Researchers have taken technology from makers of mobile phones and other consumer electronics and used it to grow 3D tissue.

Scientists at the Draper Laboratory and the Massachusetts Institute of Technology (MIT) have created a prototype using an automated “layer-by-layer” assembly method – usually found within the electronics packing industry to build integrated circuits. Their work is published in the journal Advanced Materials.

Instead of building mobile phones, this technology has been used to stack “porous, flexible, biodegradable elastomer sheets,” which the researchers have used to create 3D scaffolds on which tissues can be grown.
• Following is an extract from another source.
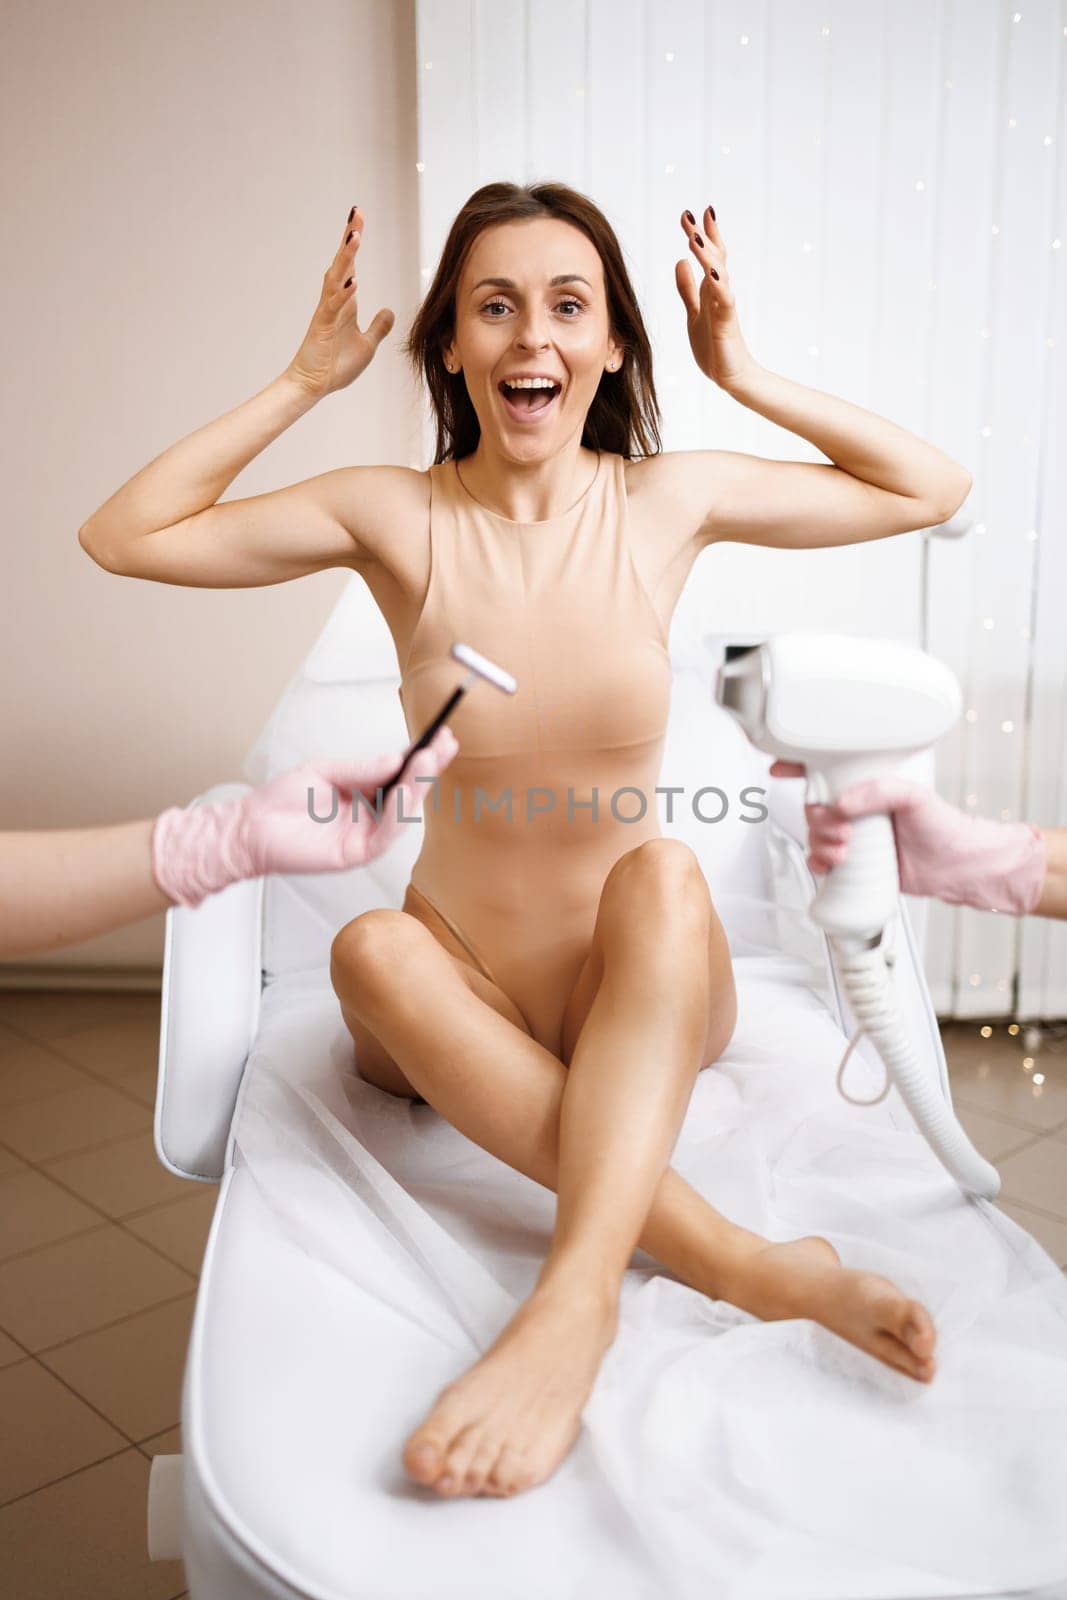 Laser epilator vs shaving razor. Cosmetologist holds in hand equipment for laser hair removal and razors in the other hand over brunette woman. Laser hair removal.

Medical News Today spoke exclusively with the researchers. The interview follows here. Skip to the rest of the original news story.
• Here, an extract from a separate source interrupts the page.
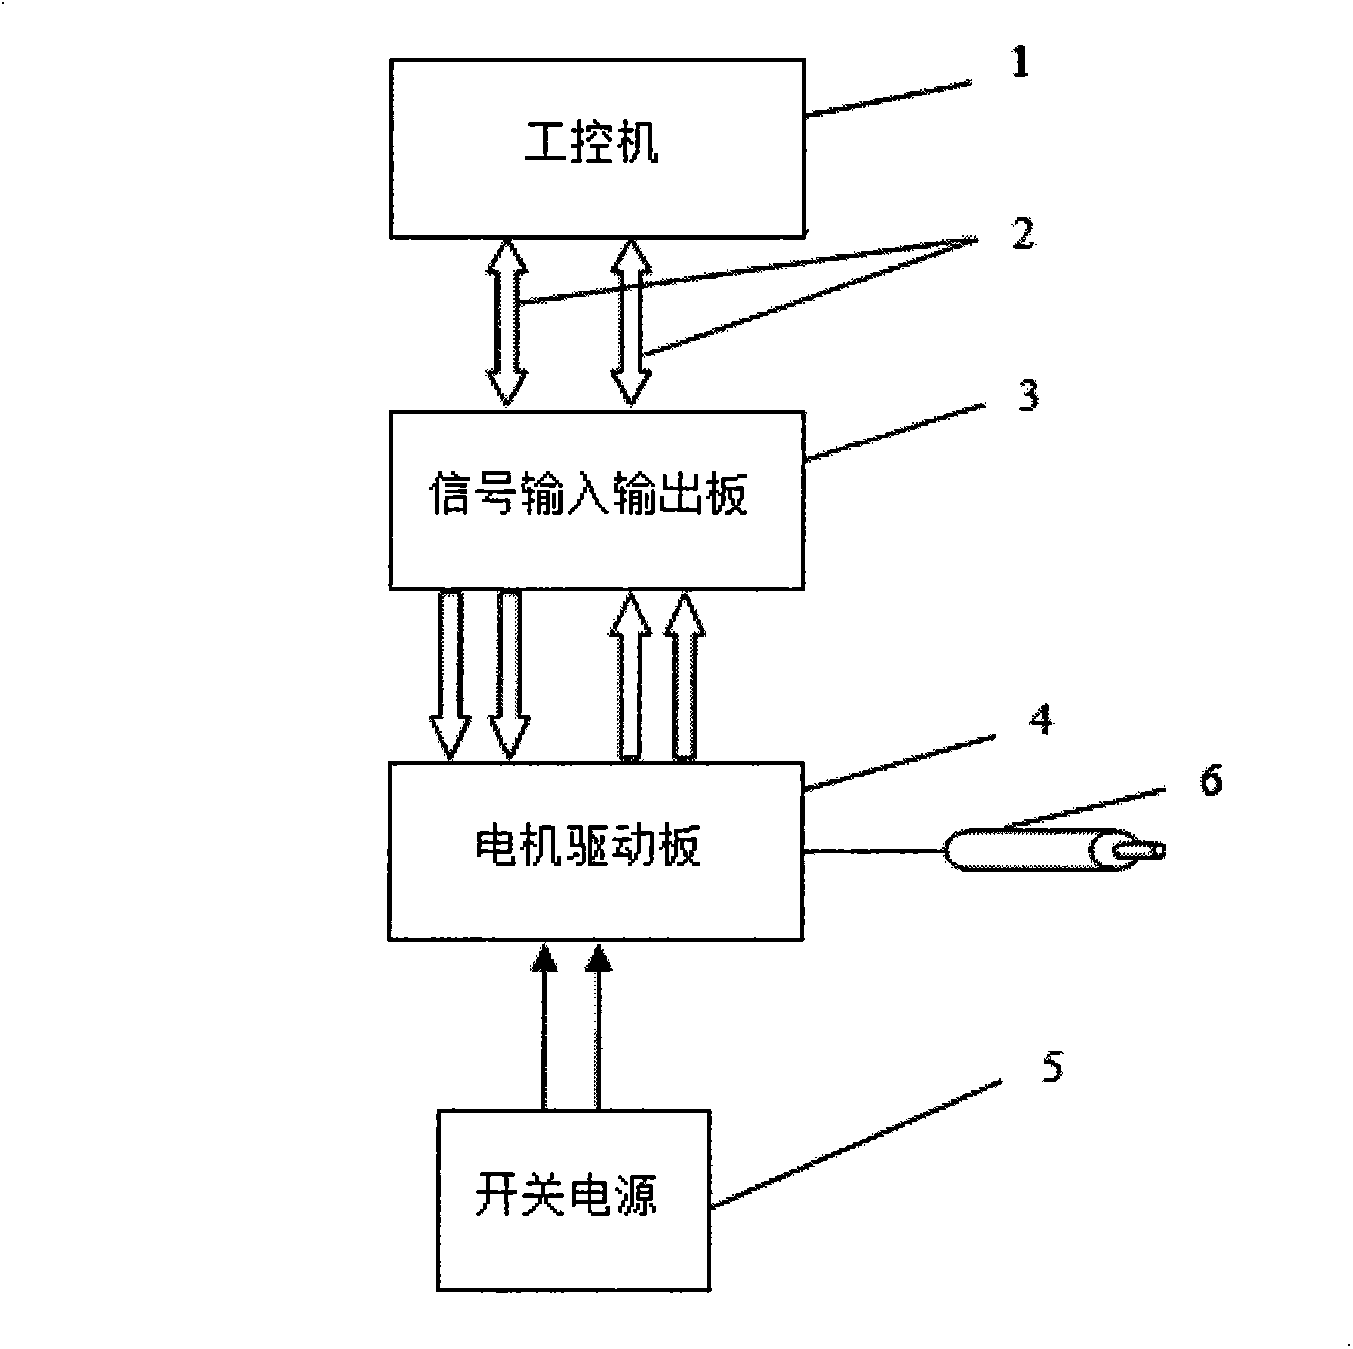 Method for adjusting multi-magnetic-pole motion control

Q: How did you come up with the idea of the tissue scaffolding?

Lisa Freed, of Draper Laboratory and principal investigator of the study, says:

“Cardiac muscle requires robust structural and mechanical properties to contract continuously and efficiently while resisting fatigue. Natural muscle fibers meet these demands via a unique ensemble of cellular and extracellular matrix structures.”

While many types of scaffolds have been developed and combined with cells in an effort to recapitulate natural muscle fibers, few scaffolds have been explicitly designed with natural muscle architecture in mind.”
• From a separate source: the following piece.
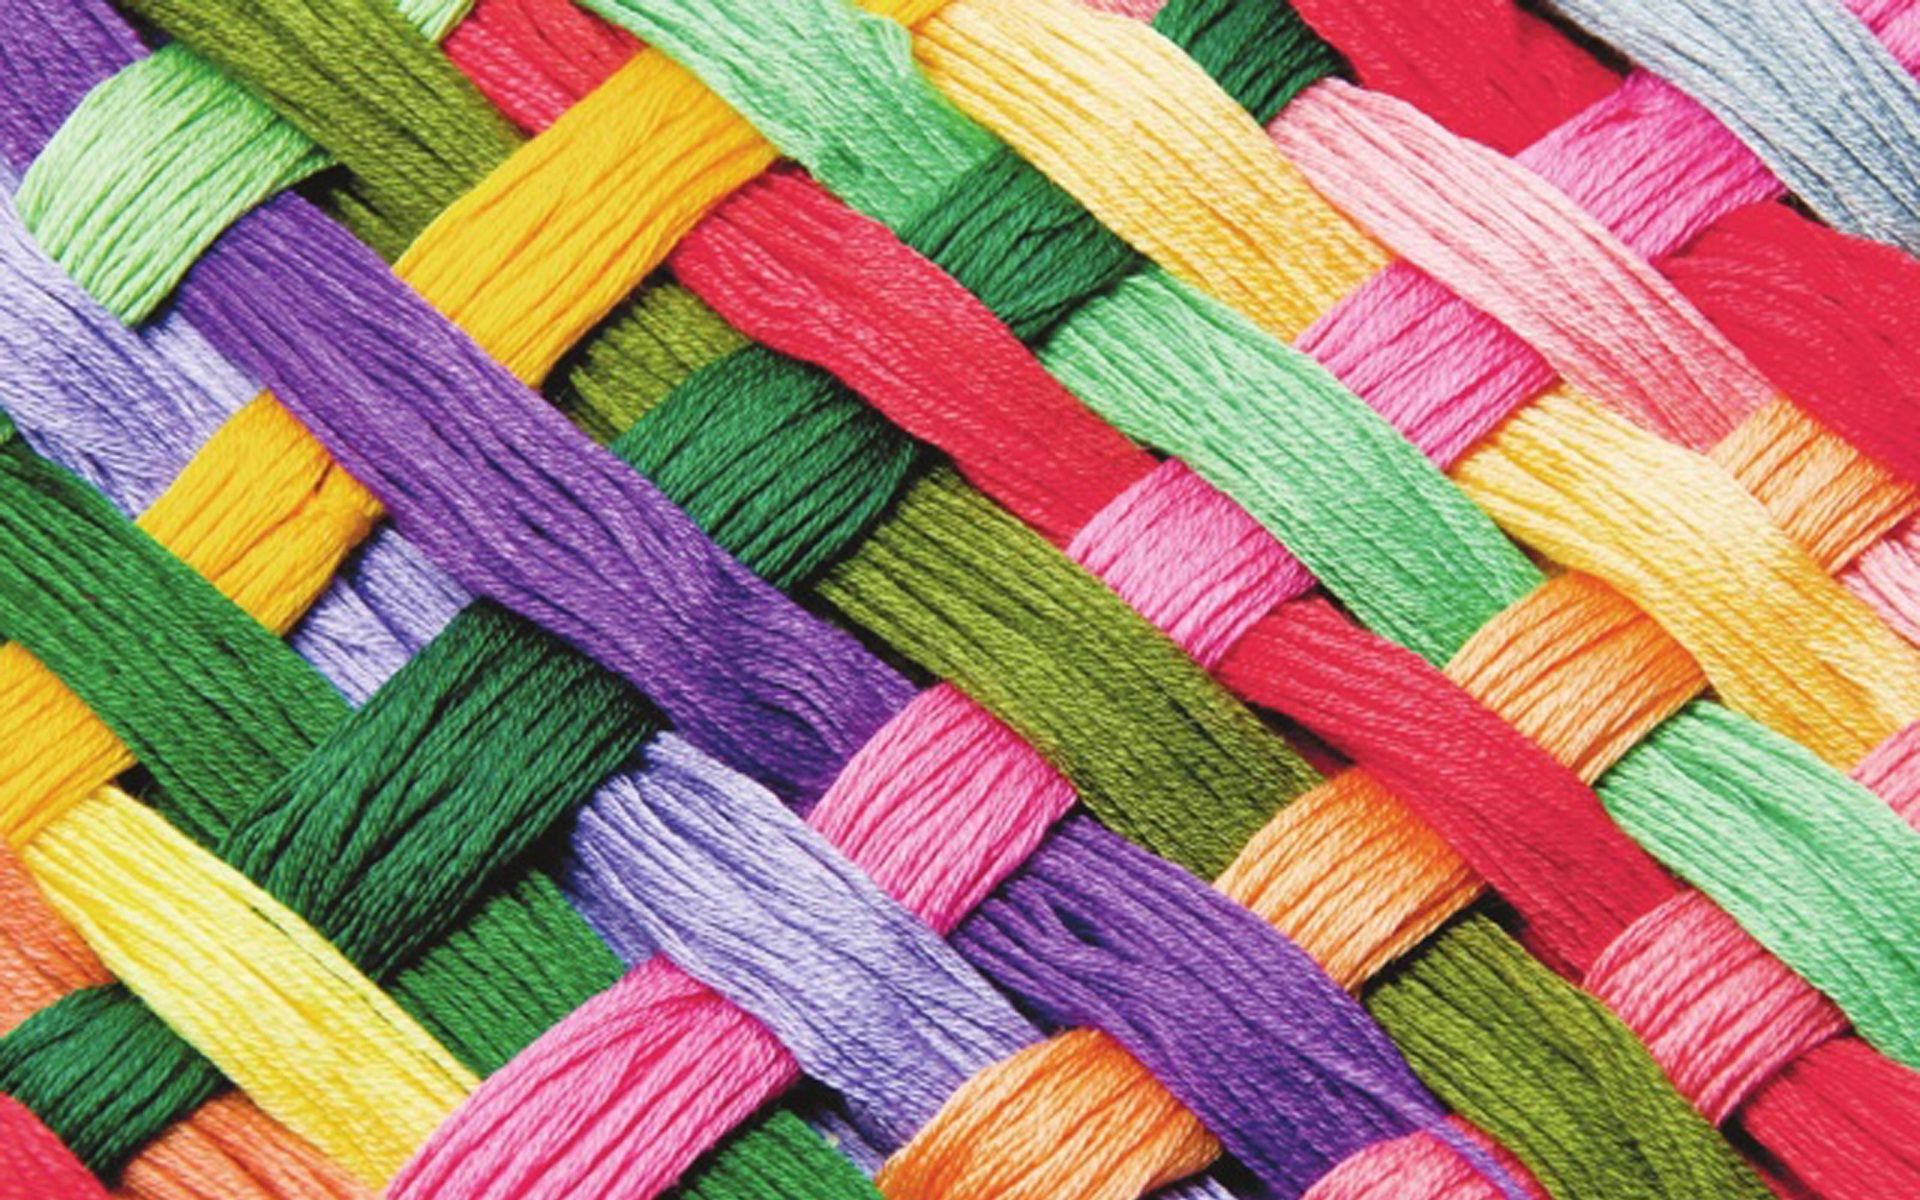 Modern Crochet Stitch Patterns For Beginners

“As attention turns towards clinical applicability, limitations intrinsic to previous scaffolds are becoming more apparent, such as the random structures of gelatinous and foam-like materials, and mechanical weakness and/or excessive stiffness of other materials.”

“Microfabrication techniques, such as micromolding and layer-by layer assembly, provide new opportunities to fabricate tissue-engineering scaffolds with controlled architecture in 3D.”

As such, we thought of designing scaffolds with a more muscle fiber-like architecture by combining these technologies.”

Q: What is your next step?

Lisa Freed:

“Our next goal is to extend in vivo studies to implanting scaled-up engineered tissues on the surface of rat hearts after heart attack.”

A related next goal is to demonstrate that we not only have created tissue with a similar architecture to heart tissue, but that it also has similar function, and better function than other, previously developed engineered heart tissue.”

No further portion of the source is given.